GSH directly reduces hydrogen peroxide (H₂O₂), lipid hydroperoxides, and reactive nitrogen species (RNS) through spontaneous chemistry and GPx-catalyzed reactions. The GSH/GSSG ratio is used in research as a quantitative measure of cellular oxidative stress status and antioxidant reserve capacity.

GSH depletion in dopaminergic neurons is an early marker in Parkinson's disease models. Exogenous GSH and GSH precursors protect against MPP⁺, 6-OHDA, and Aβ-induced neurotoxicity in cell models by maintaining mitochondrial Complex I activity and preventing lipid peroxidation in neuronal membranes.

GSH is the primary defense against acetaminophen (APAP)-induced hepatotoxicity. APAP overdose depletes hepatic GSH, enabling NAPQI accumulation and liver necrosis. Exogenous GSH and NAC (N-acetylcysteine, GSH precursor) are used in hepatotoxicity models to characterize depletion thresholds and recovery kinetics.

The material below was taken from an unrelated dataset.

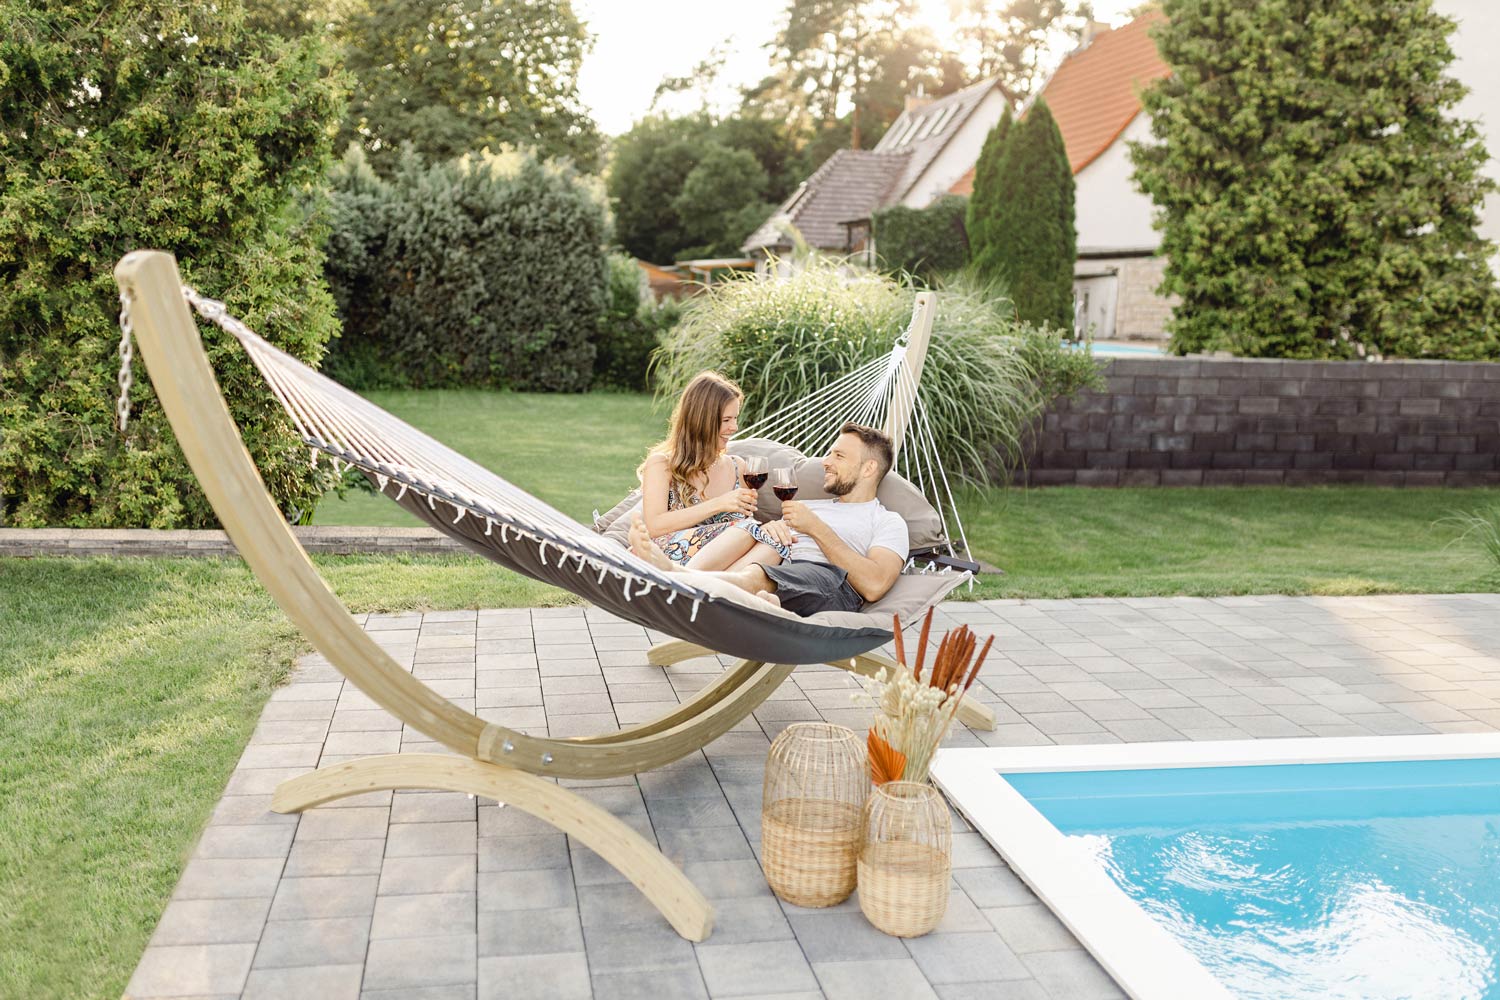 XXL Luxury hammock Fat Hammock - A relaxation oasis for two - video

GSH is essential for T-cell proliferation, NK cell cytotoxicity, and macrophage bactericidal activity. GSH-depleted lymphocytes show impaired IL-2 signaling and reduced proliferative responses. GSH supplementation in aged immune cell cultures partially restores proliferative capacity — relevant to immunosenescence research.

GSH levels decline with age in virtually all tissues studied. Aged rodents show 30–50% reductions in hepatic, muscular, and brain GSH. This age-associated GSH decline is associated with increased 8-OHdG, 4-HNE, and protein carbonylation — standard oxidative damage biomarkers in aging research.

Protein S-glutathionylation (formation of mixed disulfides between GSH and protein cysteine residues) is a redox post-translational modification that protects cysteine residues from irreversible oxidation and regulates enzymatic activity. GSH research tools are used to study the S-glutathionylation proteome in oxidative stress models.